Jorge salió corriendo con el machete ensangrentado en mano, dejando atrás al
manco para alcanzar a Lucía en la fonda. Al llegar éste le contó todo como pudo
de rápido y la muchacha, por miedo de que el malvado carnicero pudiera hacerle
daño a su amado Pedro al saber de su romance, salió huyendo de la mano de su
hermano hacia algún lugar desconocido, sin avisar. Jamás se volvió a saber de
ellos por esos territorios.
Doña Bruna fue golpeada y despedida
por aquel carnicero, despreciada por la gente que conoció después su denigrante
historia. Murió al poco tiempo sola, pidiendo limosna cerca del cambio de vía. Un
día después de correr a la mujer, el carnicero fue encontrado muerto en su
misma casa, tirado boca abajo, víctima de un infarto fulminante.
Aquel sábado Pedro esperó por
varias horas. Al comprender que Lucía no llegaría se marchó creyendo que el
amor de su vida lo había engañado, sin embargo, la noticia de lo que había
pasado pronto llegó a sus oídos, comprendiéndolo todo.
Desde ese día Pedro dejó de ir a
trabajar, ya como indigente visitaba a diario el parque hablando solo y
llorando la ausencia de su amada. Cuentan que la última vez que se le vio en el
lugar lloró de tal manera que el cielo no quiso dejarlo solo. Gota a gota la
lluvia comenzó a humedecer el suelo, arrastrando el enorme volumen de llanto de
Pedro y regándolo por todo el parque. De Pedro tampoco se volvió a saber más.

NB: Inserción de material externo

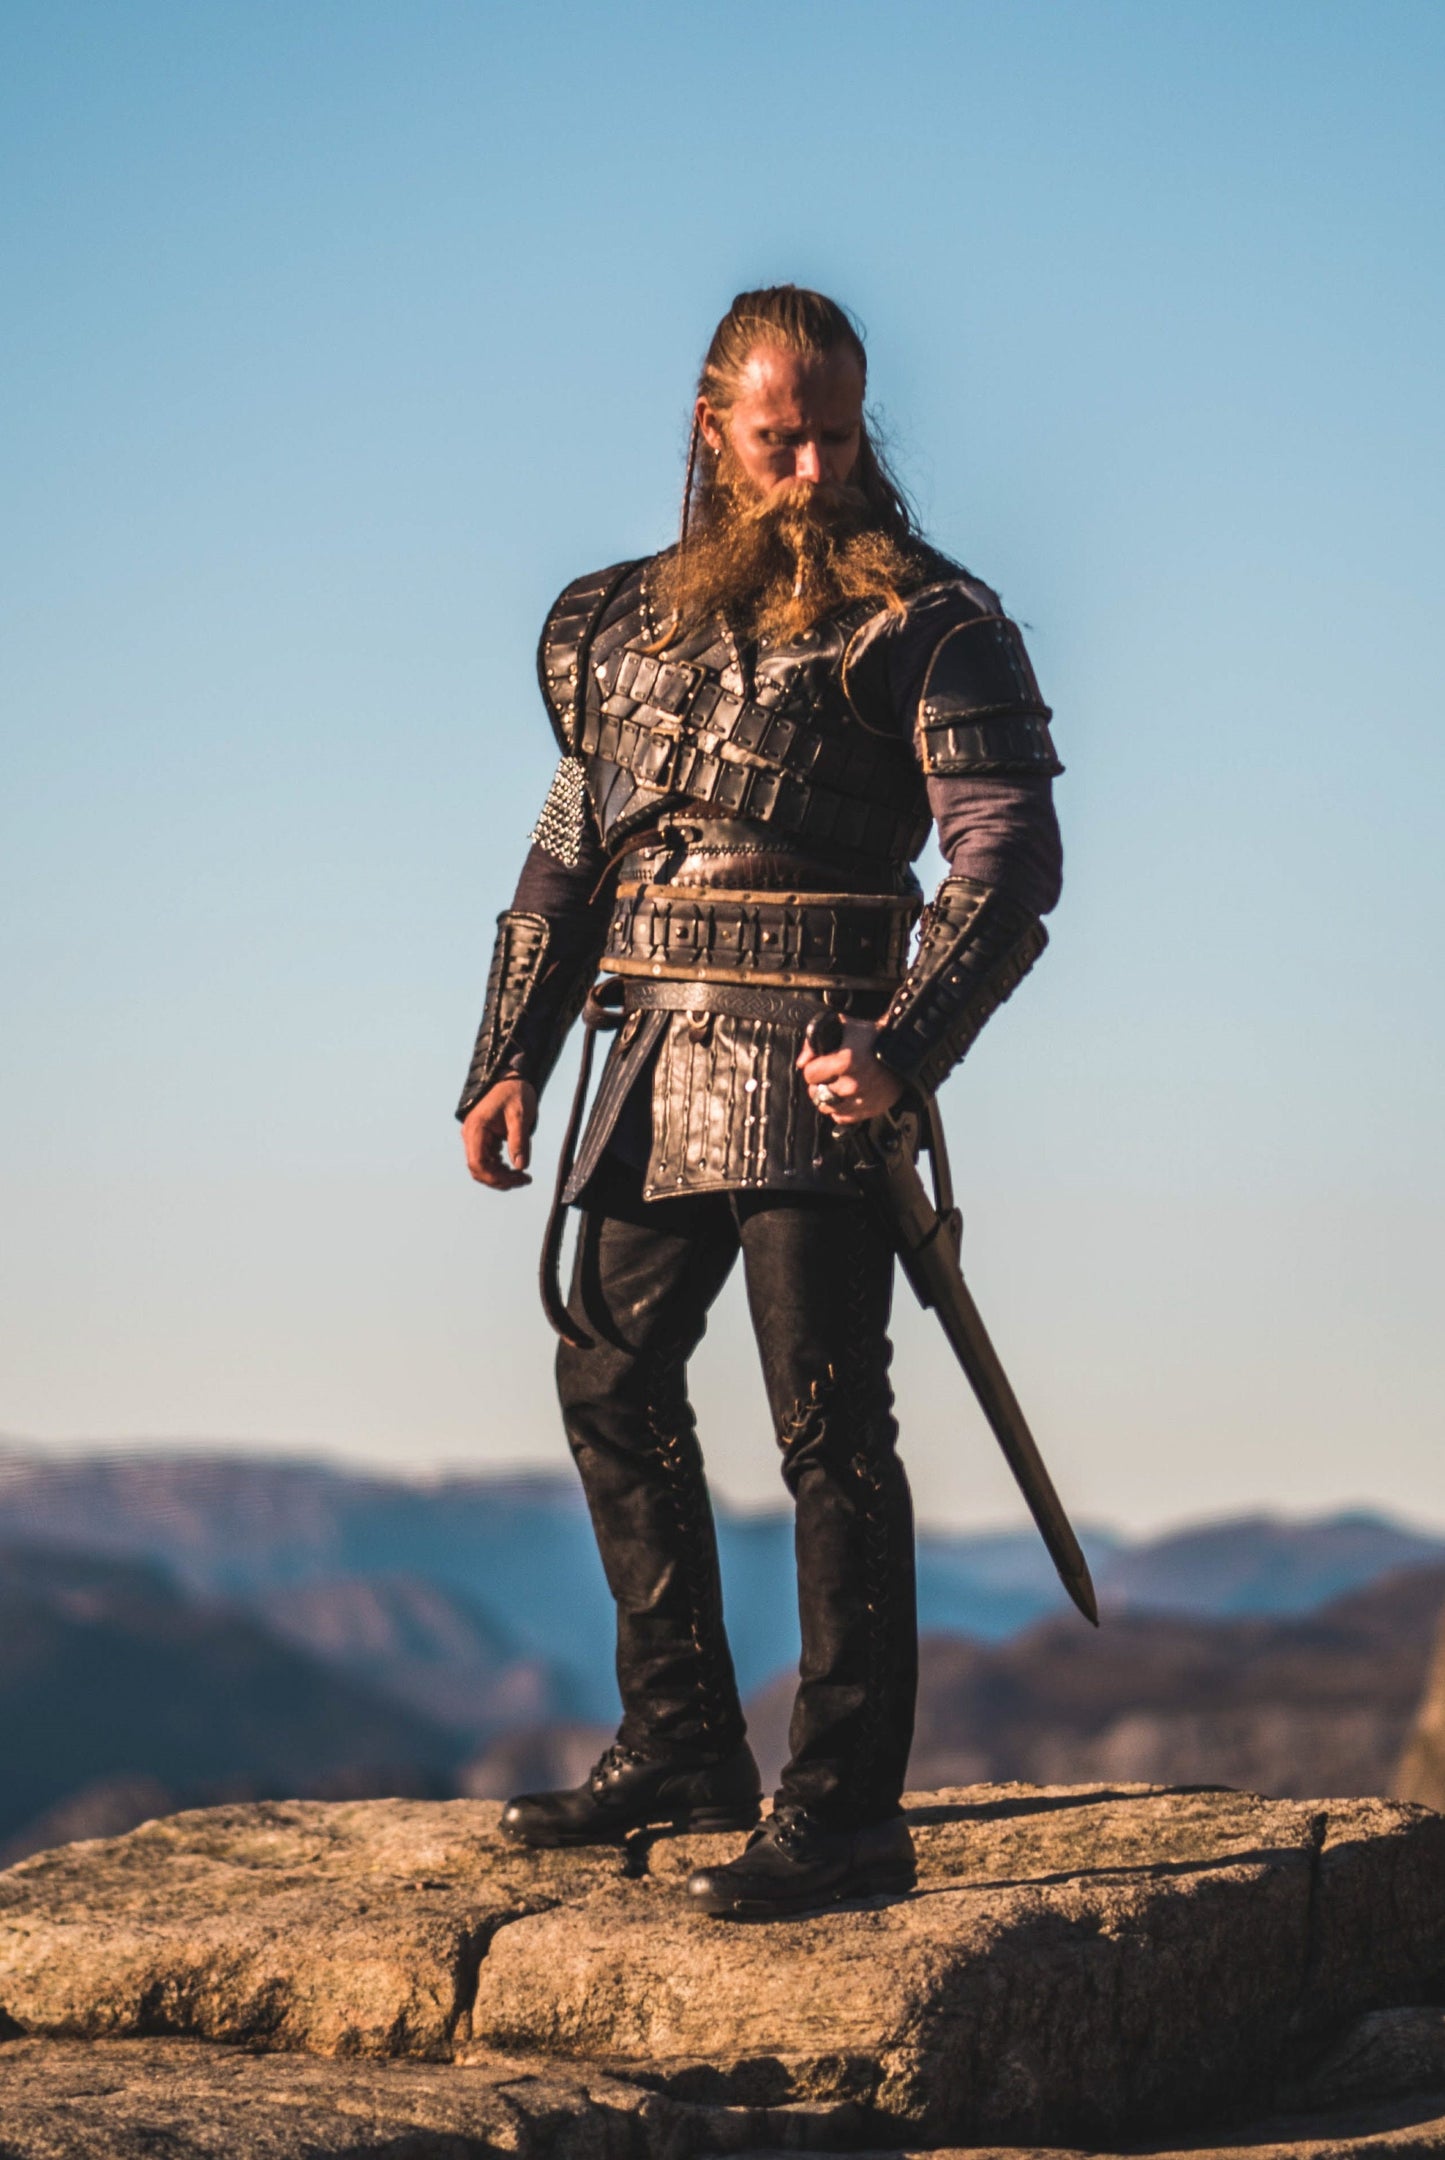 Request for ivar the boneless from vikings : r/SoulsSliders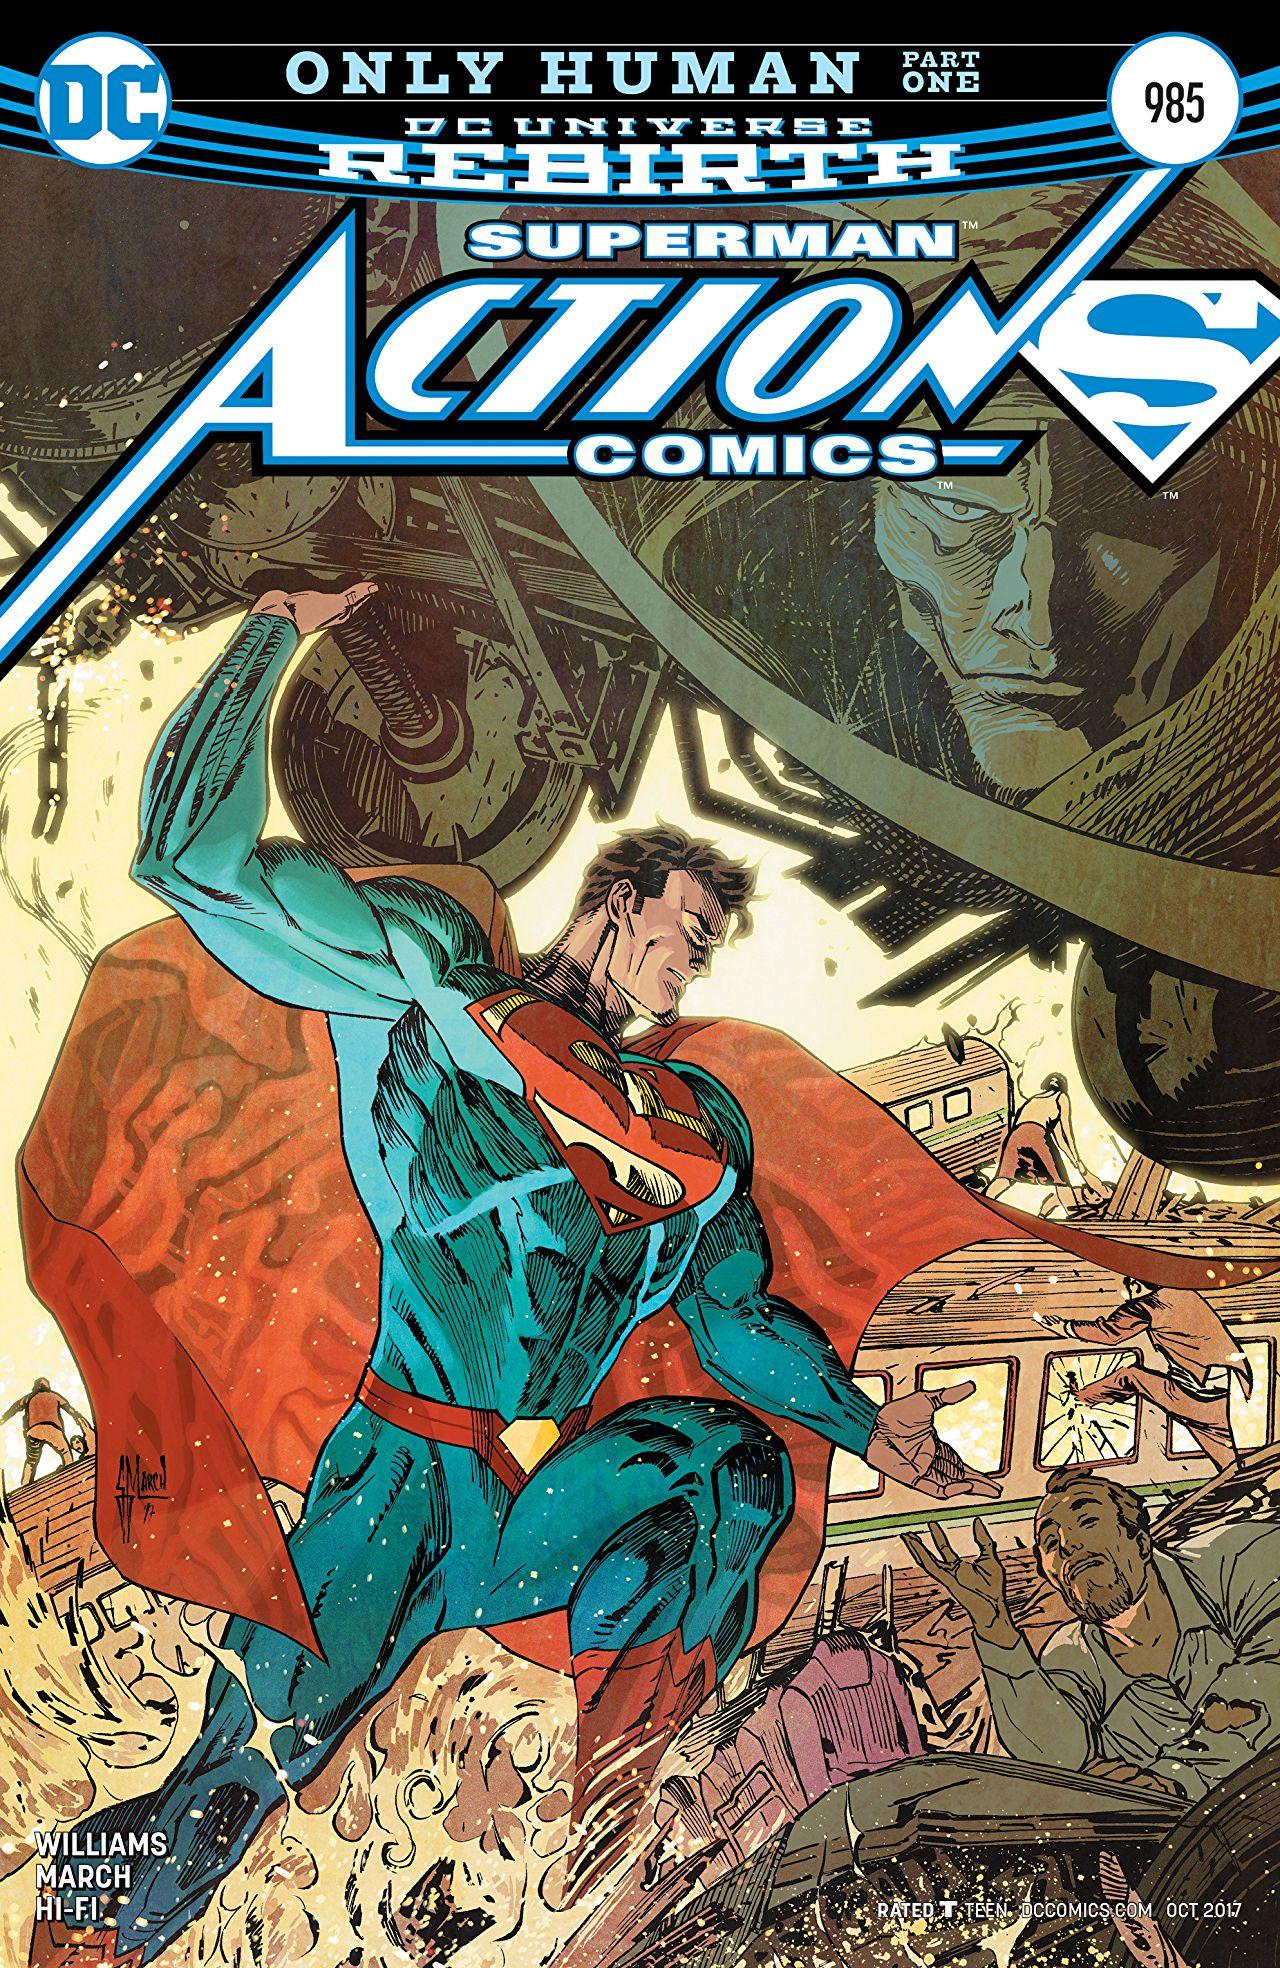 Action Comics Vol. 1 #985

Cuentan que con el tiempo, los árboles
que había en el lugar y otros que se han sembrado y crecido en esa tierra
mojada por la lluvia y lágrimas de Pedro, no son como cualquier otro. Bajo
aquella sombra vegetal, al soplar el viento, algo más que oxígeno ronda el
ambiente, algo más que causa que las parejas que cruzan por el ahora llamado
Parque Juárez se detengan y se miren a los ojos con el irresistible deseo de besarse
apasionadamente.
Los besos del Parque Juárez son
tal vez todos aquellos que alguna vez Lucía prometió a su enamorado, besos que
no llegaron a los labios de Pedro, pero que tal vez se sigan manifestando hasta
el final de los tiempos en cada pareja de enamorados que pasa por aquel lugar.